=== Exercise brief ===
Beneath this instruction is a listing; print exactly the lines in it starting at the line that contains "Paula Hidalgo" and going through the line that contains "House sparrow sketches".

=== Material supplied ===
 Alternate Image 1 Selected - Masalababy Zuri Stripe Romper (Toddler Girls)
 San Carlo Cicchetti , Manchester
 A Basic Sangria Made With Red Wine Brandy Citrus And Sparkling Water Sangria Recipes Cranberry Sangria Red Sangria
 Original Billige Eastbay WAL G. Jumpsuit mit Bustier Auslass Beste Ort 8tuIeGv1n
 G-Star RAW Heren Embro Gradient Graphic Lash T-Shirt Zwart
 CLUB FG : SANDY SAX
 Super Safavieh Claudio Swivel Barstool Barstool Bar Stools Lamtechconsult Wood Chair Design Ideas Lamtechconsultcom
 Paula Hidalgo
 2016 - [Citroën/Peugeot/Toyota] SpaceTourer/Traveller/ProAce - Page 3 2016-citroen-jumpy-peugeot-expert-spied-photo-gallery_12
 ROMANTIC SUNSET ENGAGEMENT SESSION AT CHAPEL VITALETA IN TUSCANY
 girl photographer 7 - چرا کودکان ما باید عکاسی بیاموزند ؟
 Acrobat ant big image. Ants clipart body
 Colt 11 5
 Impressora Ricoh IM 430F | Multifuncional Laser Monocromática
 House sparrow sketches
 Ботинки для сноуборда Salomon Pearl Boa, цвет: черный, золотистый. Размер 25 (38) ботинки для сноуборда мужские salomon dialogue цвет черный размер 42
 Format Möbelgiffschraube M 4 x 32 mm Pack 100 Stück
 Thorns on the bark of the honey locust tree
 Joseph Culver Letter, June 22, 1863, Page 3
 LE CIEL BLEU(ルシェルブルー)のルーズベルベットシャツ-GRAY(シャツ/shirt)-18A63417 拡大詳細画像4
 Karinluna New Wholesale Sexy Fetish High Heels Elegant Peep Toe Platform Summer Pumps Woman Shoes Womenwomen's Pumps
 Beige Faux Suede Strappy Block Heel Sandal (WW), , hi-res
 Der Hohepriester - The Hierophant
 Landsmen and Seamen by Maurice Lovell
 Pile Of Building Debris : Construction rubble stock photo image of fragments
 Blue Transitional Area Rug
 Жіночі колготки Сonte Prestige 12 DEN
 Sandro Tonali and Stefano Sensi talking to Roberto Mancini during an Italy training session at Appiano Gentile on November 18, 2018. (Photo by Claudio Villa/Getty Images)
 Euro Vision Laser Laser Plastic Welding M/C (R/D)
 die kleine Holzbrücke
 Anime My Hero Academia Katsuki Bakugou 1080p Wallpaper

=== Reply ===
 Paula Hidalgo
 2016 - [Citroën/Peugeot/Toyota] SpaceTourer/Traveller/ProAce - Page 3 2016-citroen-jumpy-peugeot-expert-spied-photo-gallery_12
 ROMANTIC SUNSET ENGAGEMENT SESSION AT CHAPEL VITALETA IN TUSCANY
 girl photographer 7 - چرا کودکان ما باید عکاسی بیاموزند ؟
 Acrobat ant big image. Ants clipart body
 Colt 11 5
 Impressora Ricoh IM 430F | Multifuncional Laser Monocromática
 House sparrow sketches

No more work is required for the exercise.